What the asset managers and brokers really want is to earn the return on the stablecoin reserves or manage the backing assets.

One way to achieve this is a shared stablecoin.

A joint asset management stablecoin

We recently wrote about the offshore focused M stablecoin and the M^0 protocol. It’s the M^0 design that’s of interest, because it supports multiple issuers and splits the return on the reserves with distributors. Hence, a similar design could work for a shared investment stablecoin.

However, we’re unconvinced that asset managers are going to band together to create a stablecoin. Never mind competitive issues, the manner in which regulators blocked the Facebook-founded Diem initiative is still fresh in people’s minds.

Once there’s stablecoin legislation in the United States, the path will be clearer.

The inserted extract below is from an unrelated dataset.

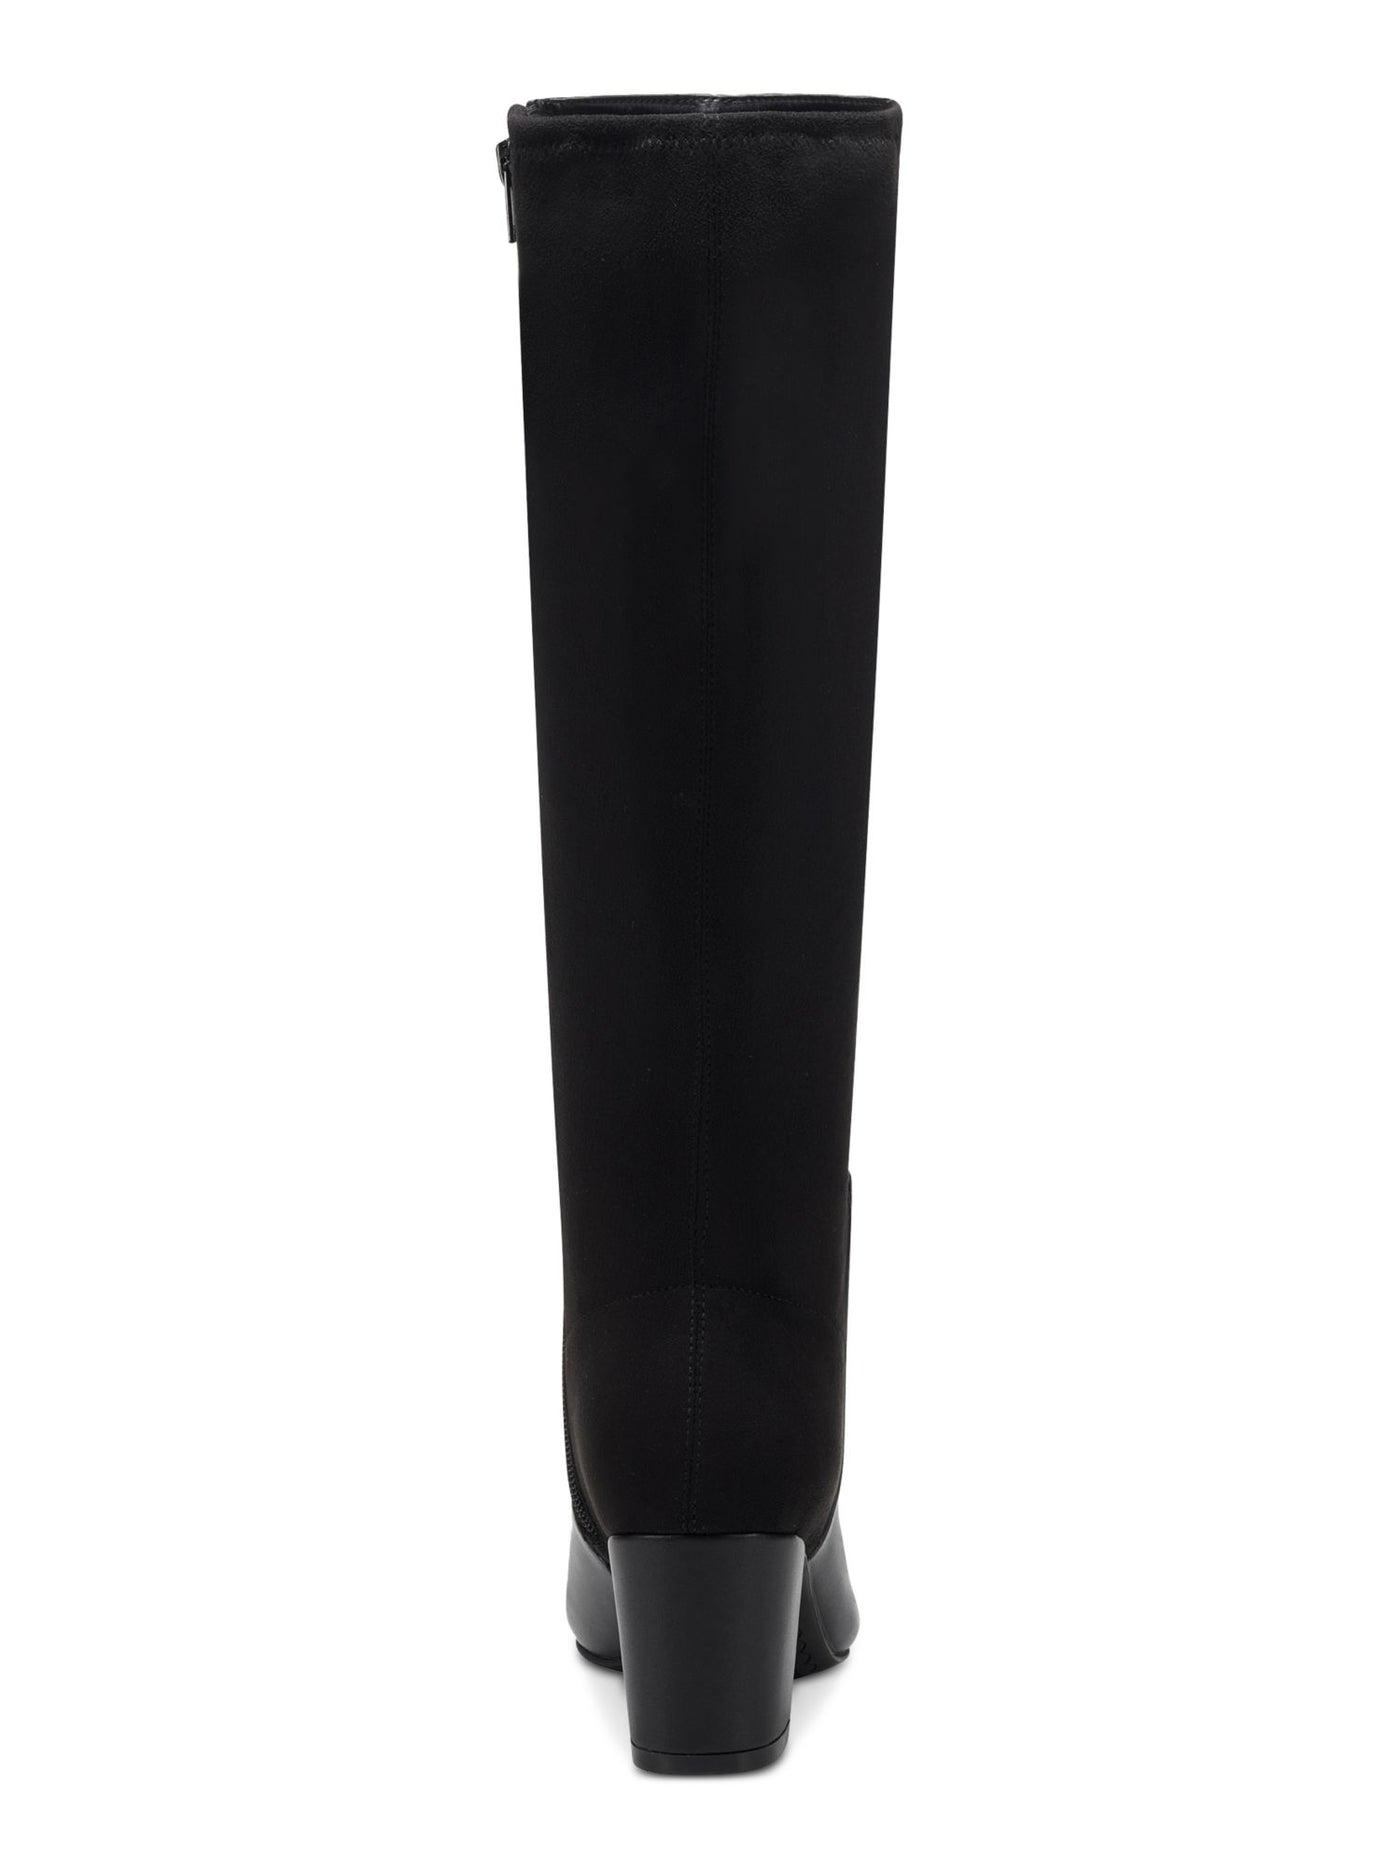 CHARTER CLUB Womens Black Comfort Sacaria Almond Toe Block Heel Zip-Up Dress Boots 6 M
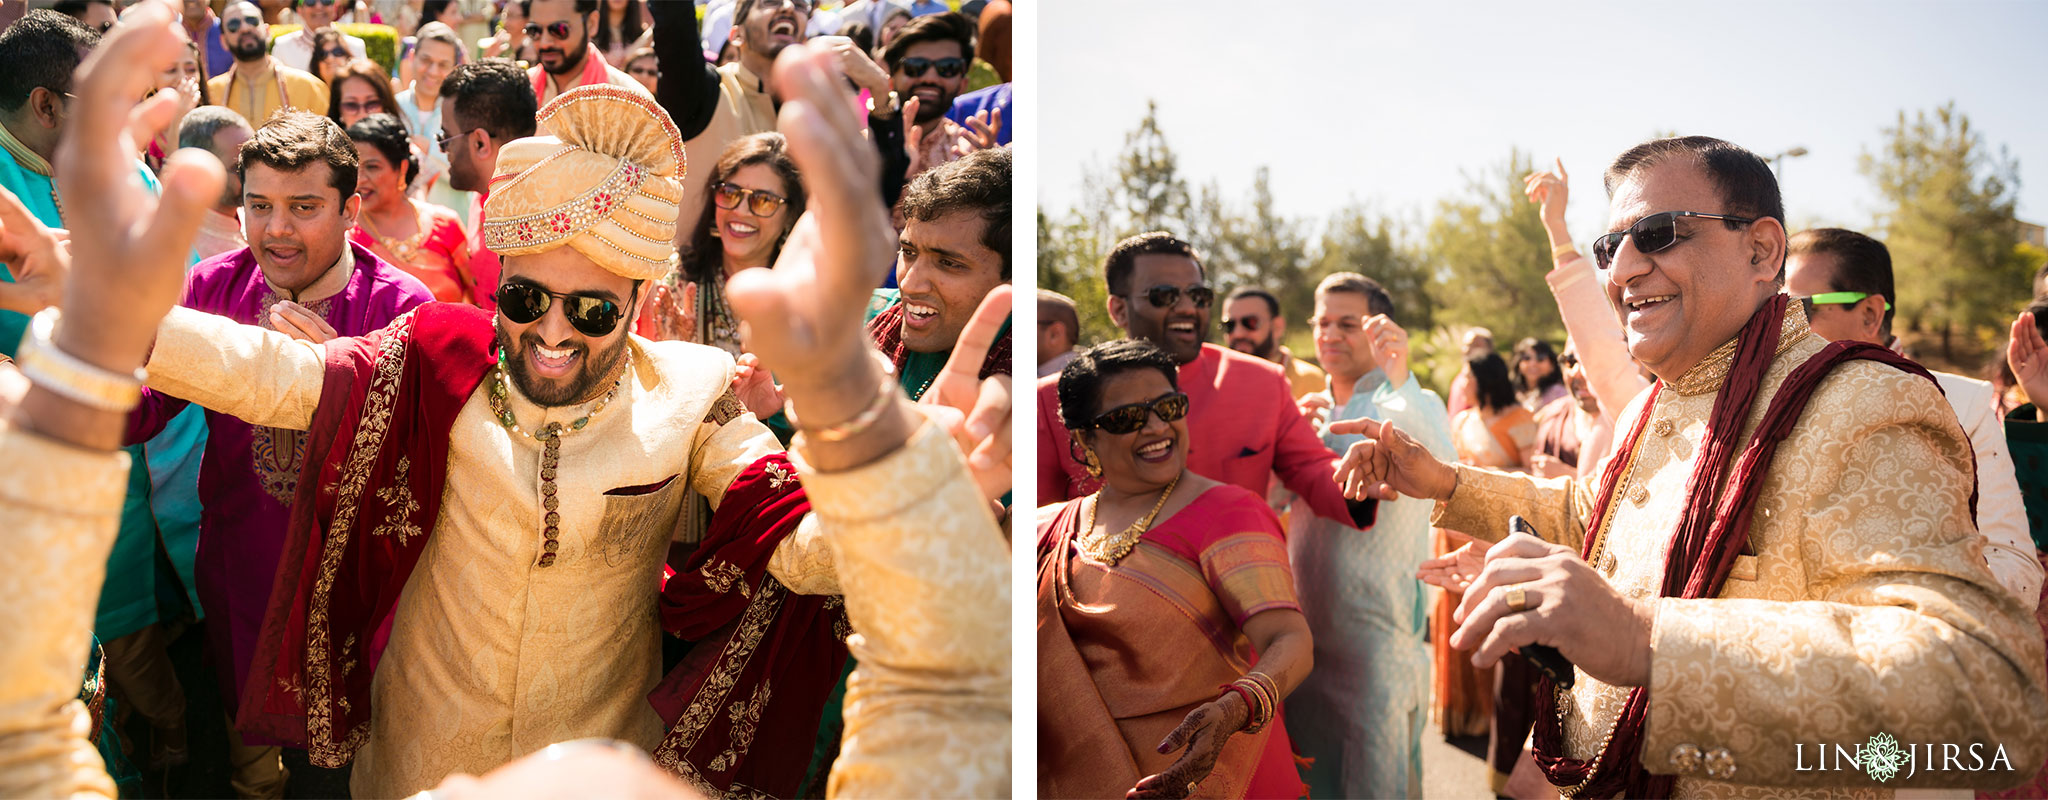 15 westridge gold club la habra indian wedding photography

Rather than a consortium, a startup could launch independently and sign up asset managers.

The promise

Backing up, the benefit of stablecoins is to enable instant off ramping by investors from tokenized MMFs at precise times. That could be hugely appealing to corporate treasurers and institutional investors. To achieve this it needs tokenized cash. Ideally one where the asset manager can earn a return.

There are three options for tokenized cash: a CBDC, a stablecoin or a tokenized deposit. A CBDC is less likely to provide a return, and unlikely to happen anytime soon (or ever?) in the United States. Tokenized deposits could potentially fit the bill, as asset managers can still earn a return. However, it’s still early days for banks, apart from a couple of jurisdictions. In the next 12 months or so, the only viable option for tokenized cash is a stablecoin.